Rural emergency care. CMS reports that 138rural hospitals have closed since 2010, “disproportionately within communities with a higher proportion of people of color and communities with higher poverty rates.” The trend deprives rural Americans of key services, including access to emergency care. Congress enacted Section 125 of the Consolidated Appropriations Act of 2021 (CAA), to create a new provider type for Rural Emergency Hospitals (REHs). CMS is requesting a range of information to develop requirements that will apply to REHs, which the goal of creating the new provider designation on or after January 1, 2023.

Publicizing COVID-19 vaccination rates? CMS seeks comment on how hospitals are using flexibilities allowed during the public health emergency to provide mental health services remotely and whether CMS should consider permanent changes. CMS also seeks input on how to measure how many front-line healthcare workers in hospital outpatient departments and ambulatory surgical centers are vaccinated against COVID-19, and how to make this information available to the public so consumers have this information when making healthcare decisions.

Patient safety in Medicare.
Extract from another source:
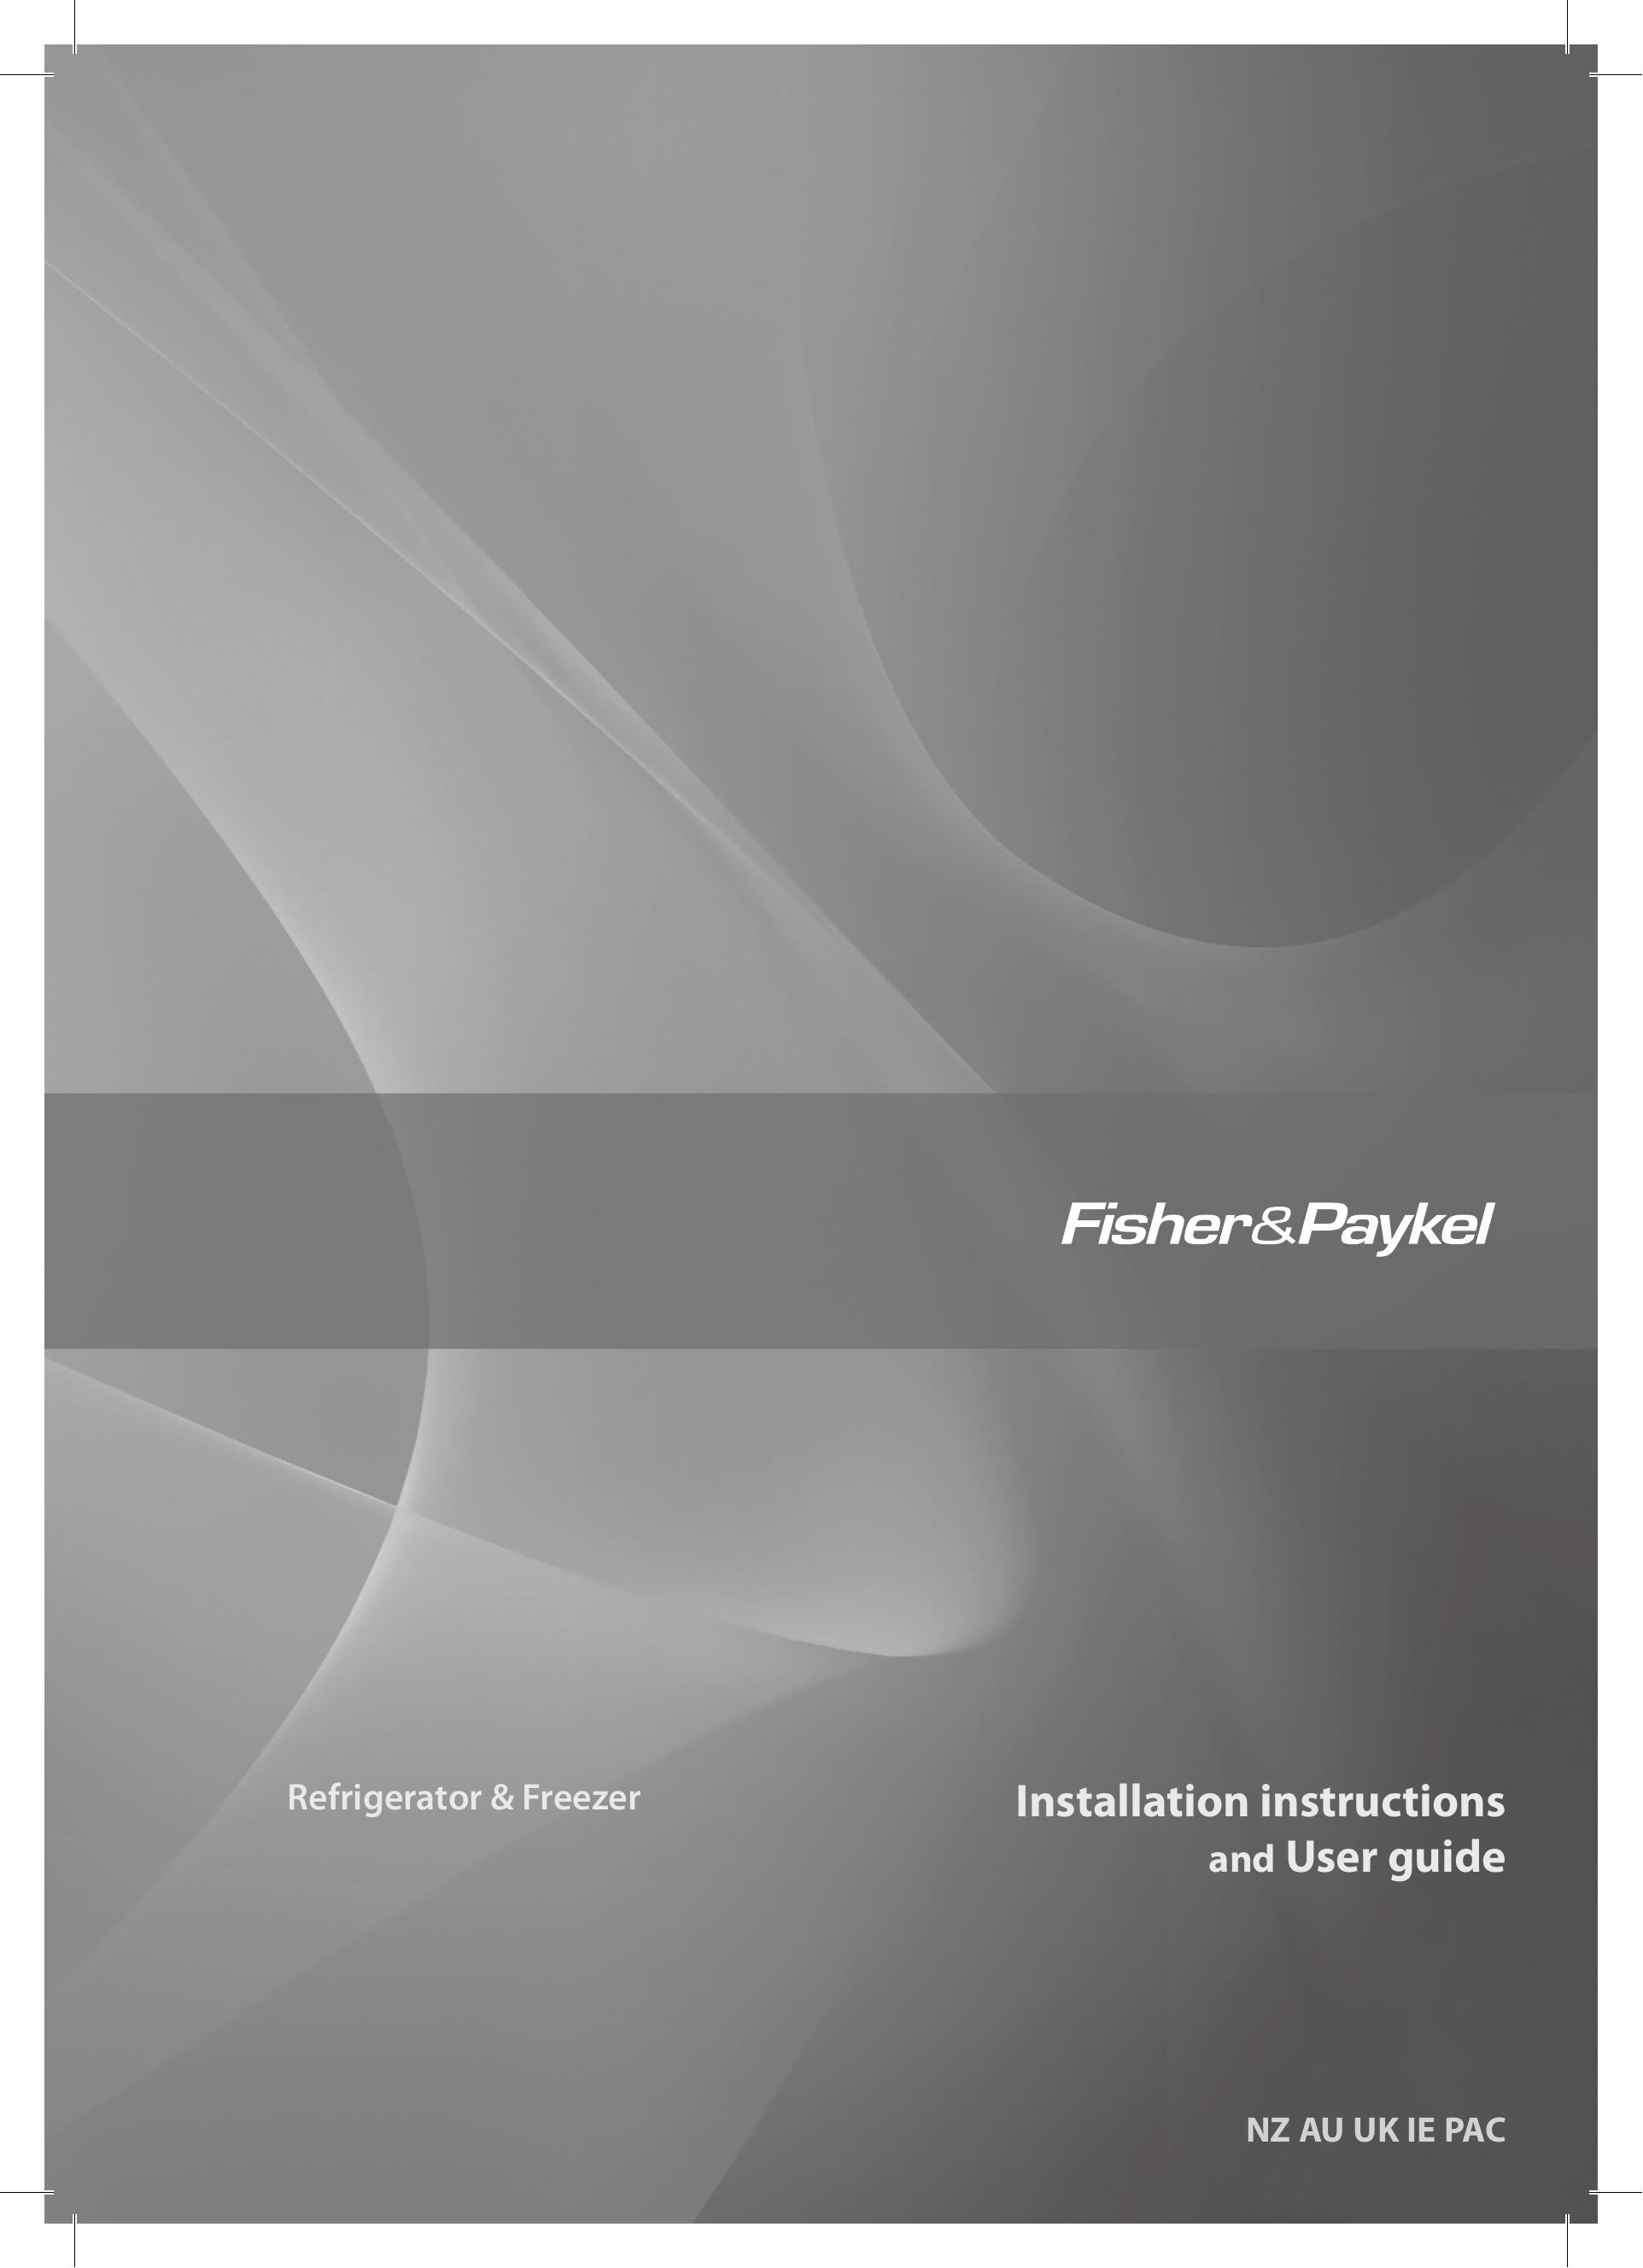 Fisher & Paykel E373 Refrigerator User Manual

CMS plans to reverse some policies that would have had Medicare pay for surgical procedures that could pose a risk to patients. The agency seeks to halt the phased elimination of the Inpatient-Only (IPO) list—procedures that Medicare will only make payment for when provided in the inpatient setting. CMS adopted a policy for 2021 to eliminate this list over a phased period and removed musculoskeletal procedures from the list in 2021. However, the current CMS leadership determined that criteria for removing items from the list were not followed and that there was not enough evidence that these services could be performed safety on Medicare patients on an outpatient basis. Some of the procedures to be removed from the IPO list included limb amputations and invasive spinal procedures. CMS seeks to return them to the list in 2022, and seeks comment on the future of the IPO list and criteria for evaluating which services should be on it.

OPPS Payments in 340B. The ongoing debate about cuts to the drug discount purchasing program known as 340B will reach the Supreme Court of the United States this fall. CMS notes in the Monday’s proposal that beginning January 1, 2018, Medicare adopted a policy to pay an adjusted amount of average selling price (ASP) minus 22.5% for certain separately payable drugs or biologicals acquired through the 340B Program. “In this rule, we are proposing to maintain the payment rate of ASP minus 22.5% for certain separately payable drugs or biologicals acquired through the 340B Program. Under this proposal, rural sole community hospitals, children’s hospitals, and PPS-exempt cancer hospitals would continue to be excepted from this policy.”